# Swarthy Men



## norrinradd (Apr 27, 2020)

Most common websites shared that The Easterlings have swarthy skin, black eyes-hair and also they called "Swarthy Men". Is there any record in Tolkien's works about their (Easterlings) skin tone or nickname (Swarthy Men)? 

Thanks a lot. Please let me know guys. I didn't get any satisfying answers on any platform.


----------



## Olorgando (Apr 27, 2020)

Swarthy according to my dictionaries means dark-skinned. As a first approximation, I would tend towards "Mediterranean", contrasted with perhaps "Scandinavian". But more important seems to me the time individual people spend exposed to the sun. All people involved in pre-industrial agriculture got sunburn and tan. Same with nomads, who spend a lot of time outside with their herds (of horses, cattle, or whatever). The Easterlings are (scantily) described as basically being nomads. The first invasion of Easterlings described in the Tale of Years in the Third Age against Gondor in Appendix B in "Return of the King" is given for the year 490, defeated ten years later. The next entry is for 1851, the attack of the Wainriders (so perhaps not cavalry, but rather chariot forces like those of the Bronze Age ending approximately 1200 BC), over 1350 years later. Then, if one takes the beginning of the Fourth Age as being about 6000 years ago, this would have been about 7150 years ago. "Realistically" equating these Easterlings attacking Gondor with Huns or Mongols would have to be doubtful in this sense. That these two, for Europe, terrifying invasions would in actual "fact" be a template for JRRT's Easterlings should not be a surprise.
"Swarthy" may have thus had have more to do with time spent exposed to the sun than anything else - and nomad warriors would tend to be more tanned than other non-farmers - or perhaps the aristocracy of the nomads themselves.


----------



## norrinradd (Apr 27, 2020)

Olorgando said:


> Swarthy according to my dictionaries means dark-skinned. As a first approximation, I would tend towards "Mediterranean", contrasted with perhaps "Scandinavian". But more important seems to me the time individual people spend exposed to the sun. All people involved in pre-industrial agriculture got sunburn and tan. Same with nomads, who spend a lot of time outside with their herds (of horses, cattle, or whatever). The Easterlings are (scantily) described as basically being nomads. The first invasion of Easterlings described in the Tale of Years in the Third Age against Gondor in Appendix B in "Return of the King" is given for the year 490, defeated ten years later. The next entry is for 1851, the attack of the Wainriders (so perhaps not cavalry, but rather chariot forces like those of the Bronze Age ending approximately 1200 BC), over 1350 years later. Then, if one takes the beginning of the Fourth Age as being about 6000 years ago, this would have been about 7150 years ago. "Realistically" equating these Easterlings attacking Gondor with Huns or Mongols would have to be doubtful in this sense. That these two, for Europe, terrifying invasions would in actual "fact" be a template for JRRT's Easterlings should not be a surprise.
> "Swarthy" may have thus had have more to do with time spent exposed to the sun than anything else - and nomad warriors would tend to be more tanned than other non-farmers - or perhaps the aristocracy of the nomads themselves.

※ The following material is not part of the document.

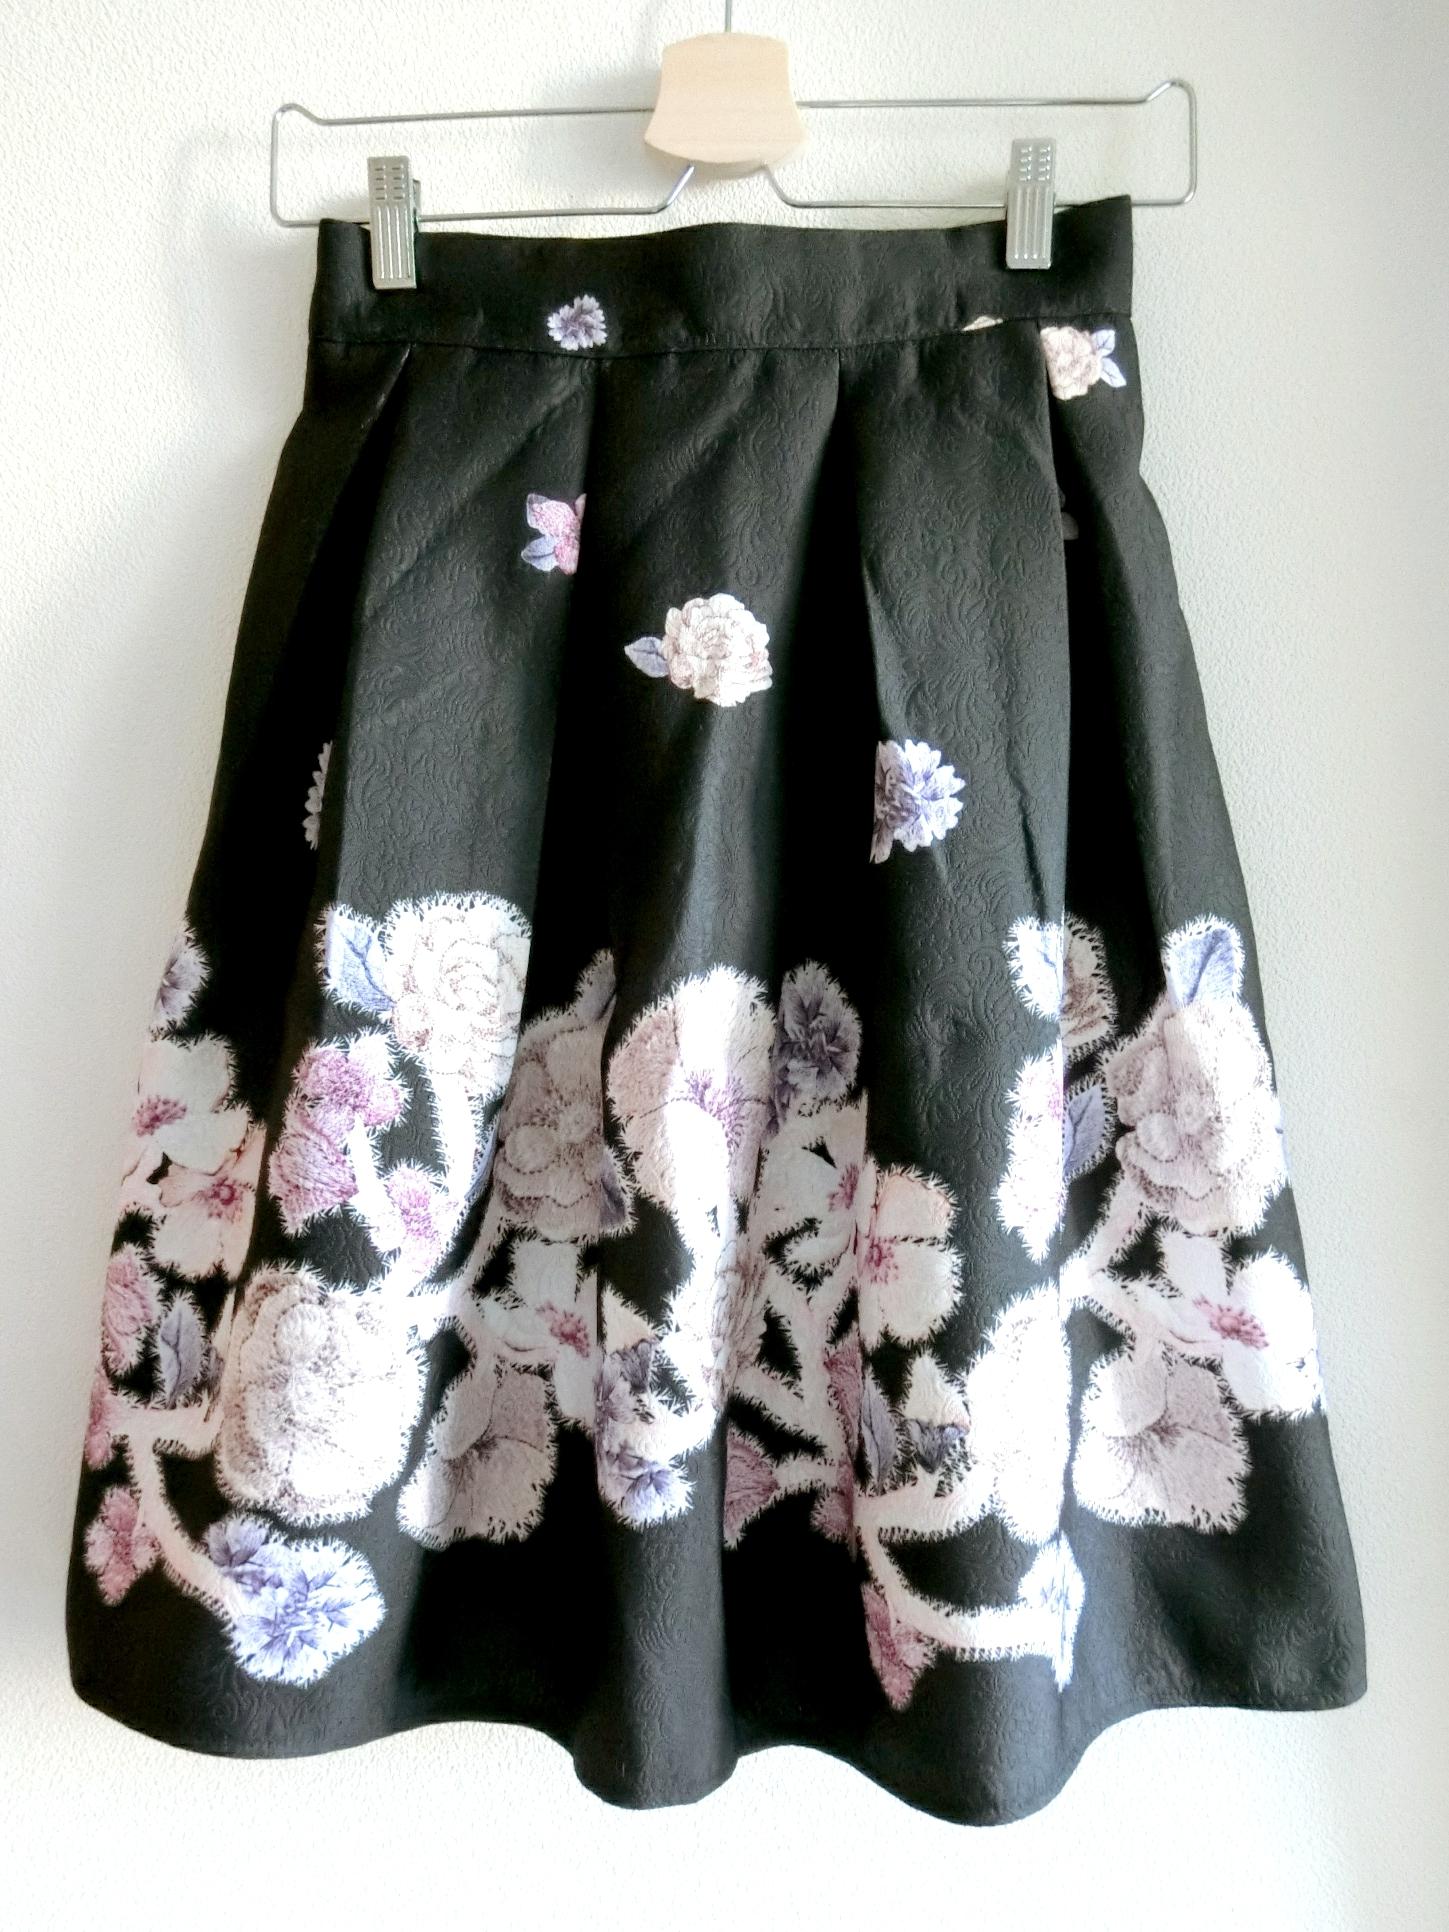 再入荷★かすみお花柄スカート ブラック

Thank you. I understood but I didn’t get any satisfying answer again. I want to ask: “Is there any note or record in the Tolkien’s works about a word that is “Swarthy Men” or is there any note or record about the their skin tone (example: x said y; the easterlings are tall-brown skin... etc.) ? Thanks...


----------



## norrinradd (Apr 28, 2020)

Does anyone have any information? 


norrinradd said:


> Thank you. I understood but I didn’t get any satisfying answer again. I want to ask: “Is there any note or record in the Tolkien’s works about a word that is “Swarthy Men” or is there any note or record about the their skin tone (example: x said y; the easterlings are tall-brown skin... etc.) ? Thanks...


Does anyone have any information?


----------



## Elthir (Apr 28, 2020)

This comes to mind at the moment, from Tolkien's _Guide to the Names in The Lord of the Rings_:

"Swertings. Said by Sam to be the name in the Shire for the legendary (to hobbits) dark-skinned people of the 'Sunlands' (far south). It may be left unchanged as a special local word (not in the Common Speech); but since it is evidently a derivative of swart, which is still in use (= swarthy), it could be represented by some similar derivative of the word for 'black / dark' in the language of translation. Compare Swarthy Men, the Common Speech equivalent (III 73)." JRRT

🐾


----------



## Legatus (Sep 29, 2021)

Found your answer. It's on "the silmarillion" on the chapter "of the ruin of beleriand"


----------